We must have the creative imagination and political sophistication to shape our policies to meet constantly changing distributions of power. At the same time, we must have the perspective to give our foreign policy a direction that will meet the test of decades. We must get on with the paramount task of forging a new relationship with Europe. This will involve a new and more realistic approach to the question of nuclear sharing. The problems of the alliance- political, military, economic- will demand the finest qualities of statesmanship, of political engineering, of shrewd bargaining and compromise of which we are capable as a people. In our relationships with the Communist nations we must be sensitive to the diffusion of power within the bloc and the opportunities and dangers this affords. We must recognize and develop those areas of common interest such as arms control measures to reduce the chances of war by miscalculation or accident. At the same time we must check Communist aggression in whatever form it takes. We must develop a strategy for economic, technical, and military assistance that both merits the support of the American people and fulfills our commitments and responsibilities as leader of the free world.
Vision is a recognition of problems; it is a function of leadership. The Republican Party has produced a proud lineage of pragmatic statesmen since Lincoln. It is our hope that once again it will provide the leadership to meet the occasion.
While our philosophy and program must be pragmatic so must it be moderate. Simply to define the problems is not to solve them. The moderate recognizes that there are a variety of means available to him, but that there are no simple unambiguous ends. He recognizes hundreds of desirable social goals where the extremist may see only a few. The moderate realizes that ends not only compete with one another, but that they are inextricably related to the means adopted for their pursuit. Thus he will most likely set a proximate goal. While working for limited realizable objectives he will be especially concerned with the means, the environment in which the goals are achieved. The moderate chooses the center- the middle road- not because it is halfway between left and right. He is more than a non-extremist. He takes this course since it offers him the greatest possibility for constructive achievement.
In contrast, the extremist rejects the complexity of the moderate’s world.
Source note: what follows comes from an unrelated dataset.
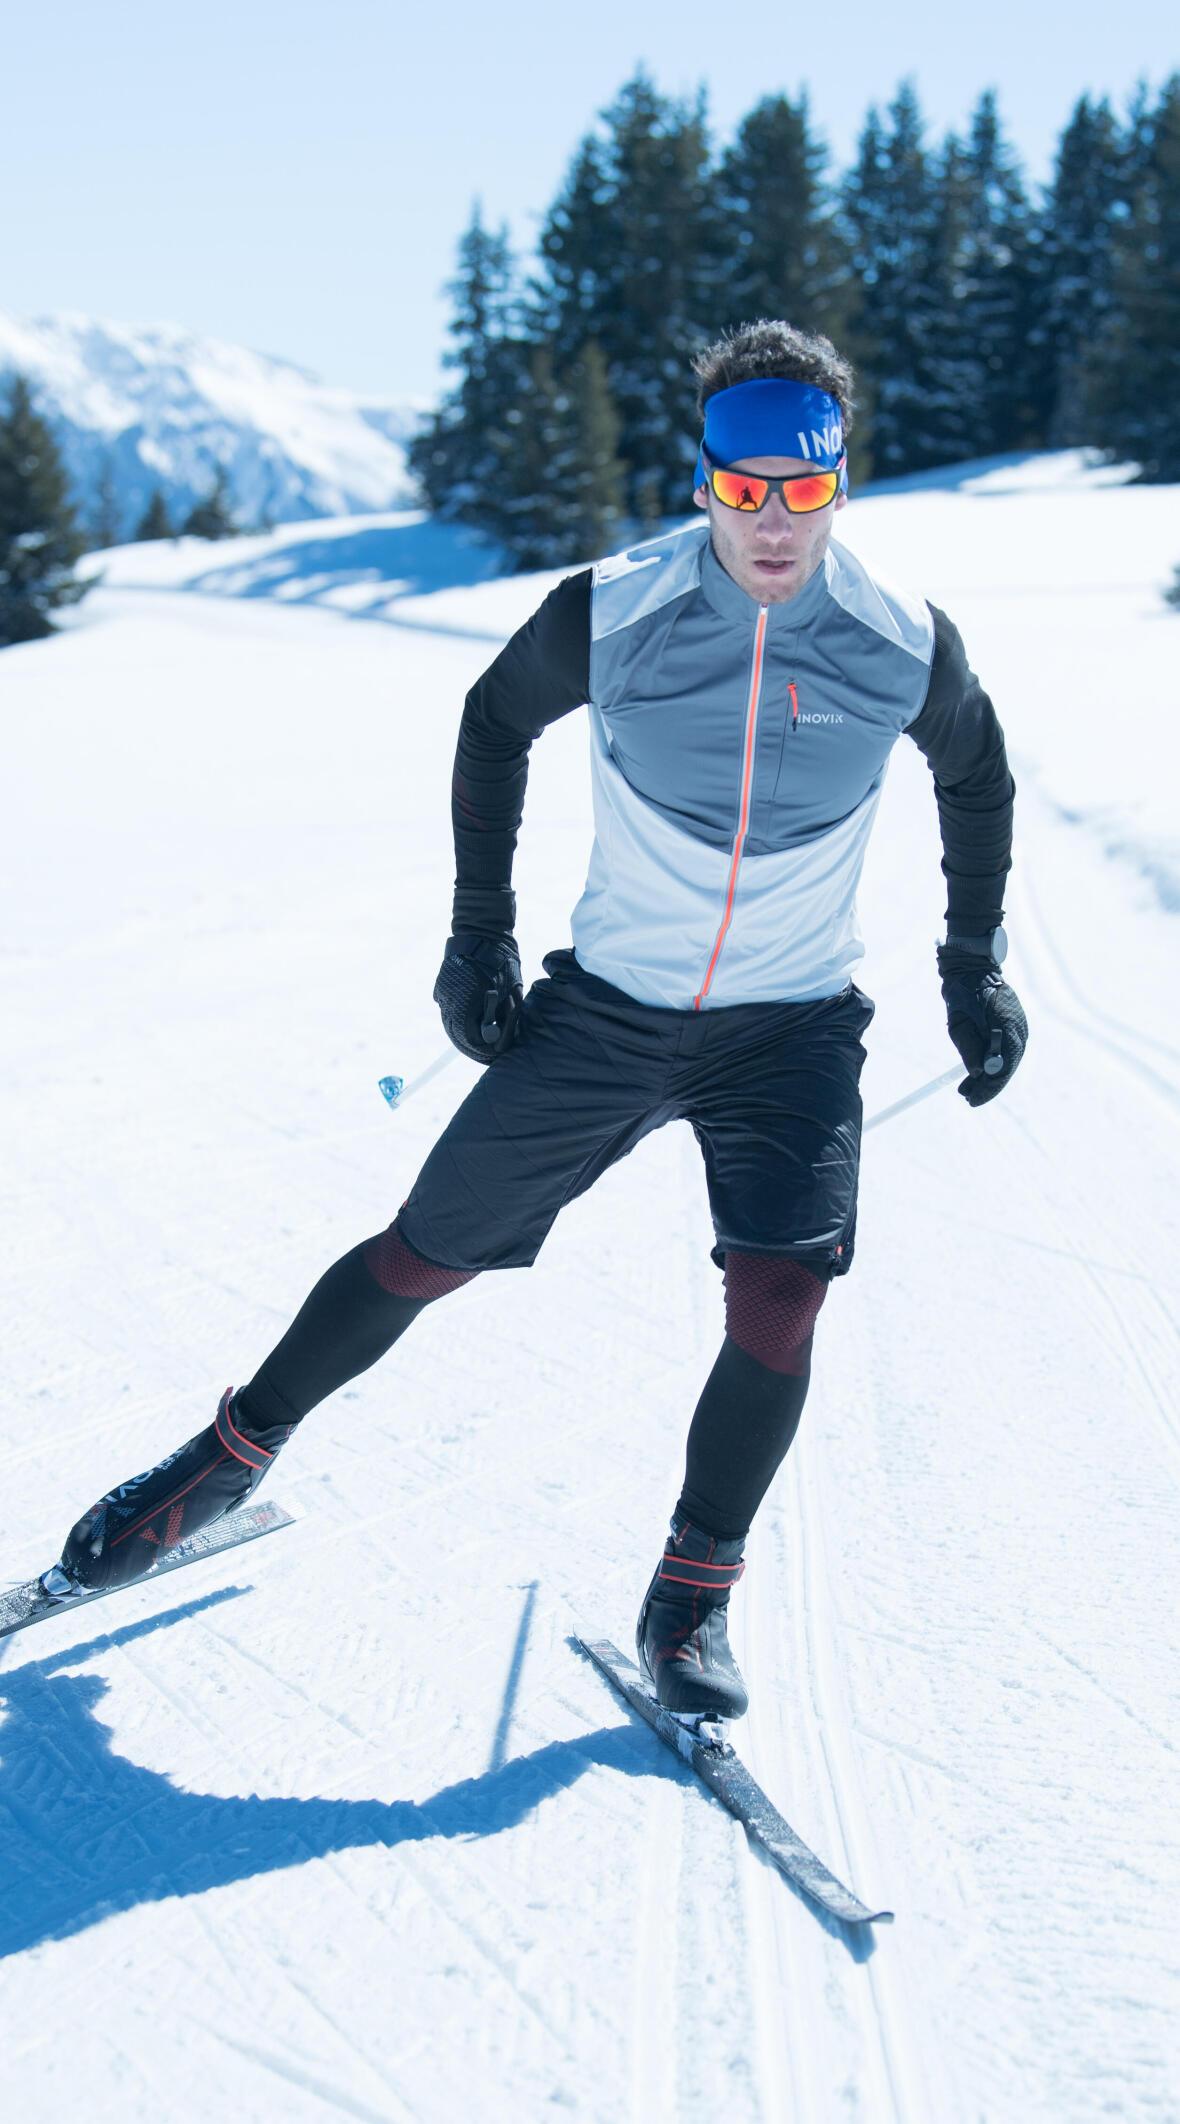 Man cross-country skiing race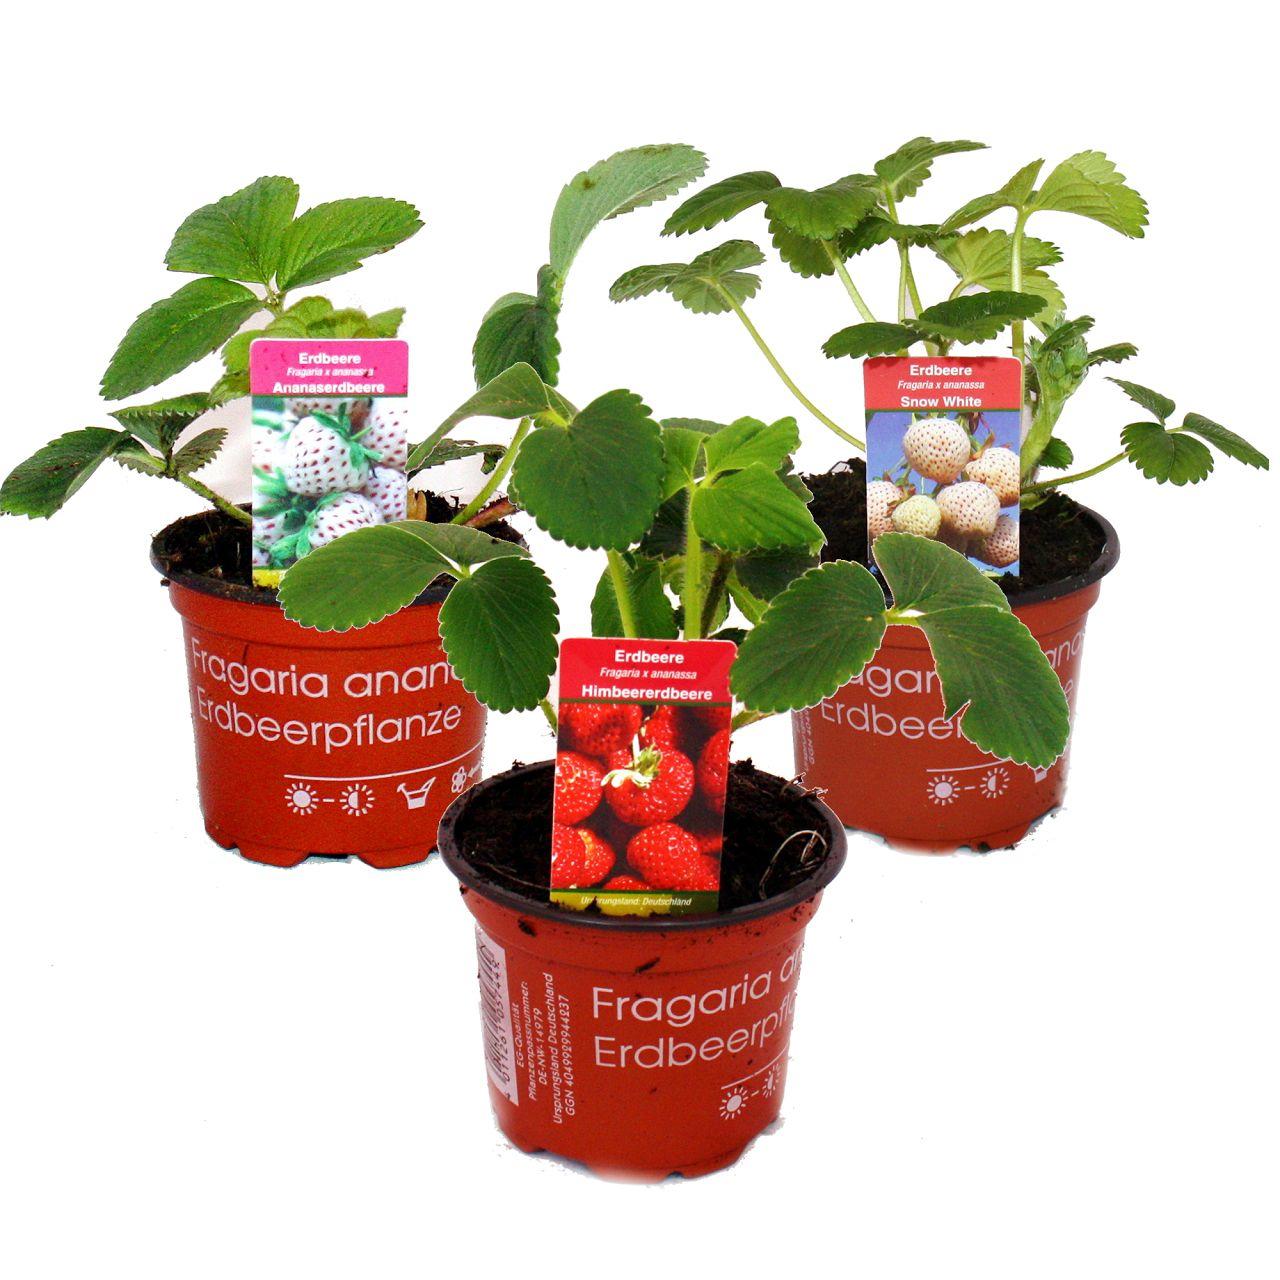 ausgefallene erdbeer sorten 3 pflanzen weisse ananas und himbeer erdbeere ebay. Black Bedroom Furniture Sets. Home Design Ideas

His is a state of mind that insists on dividing reality into two antithetical halves. The gray is resolved into black and white. Men are either good or evil. Policies are either Communist or anti-Communist. It is understandable that the incredible complexity and mounting frustrations of our world will cause men to seek one right answer- the simple solution. The moderate cries out that such solutions do not exist, but his would appear to be a thankless task. Who will reward him for telling them their dreams can never be? It is not surprising that the doctrinaire has always reserved his greatest scorn for the pragmatist and not for his opposite number. The moderate poses the greatest danger to the extremist because he holds the truth that there is no “truth.”
Moderation is not a full-blown philosophy proclaiming the answers to all our problems. It is, rather, a point of view, a plea for political sophistication, for a certain skepticism to total solutions. The moderate has the audacity to be adaptable, to seek the limited solution most appropriate to the needs of his nation, its institutions, and its people. The Republican moderate approaches these solutions from a more conservative perspective, the Democratic moderate from a more liberal one. The fact that we may meet on common ground is not “me-tooism.” It is time to put away the tired old notion that to be “real Republicans” we must be as different as possible from our opponents. There is no more sense in that view than in the idea that we must be for isolationism, prohibition, or free love because our opponents are not. It is time we examined the merits of a solution in itself rather than set our policy simply in terms of the position the Democratic Party may have taken. We would do well to hear Paul’s injunction to the Philippians: “Finally, brethren, whatsoever things are true, whatsoever things are just… if there be any virtue, and if there be any praise, think on these things.”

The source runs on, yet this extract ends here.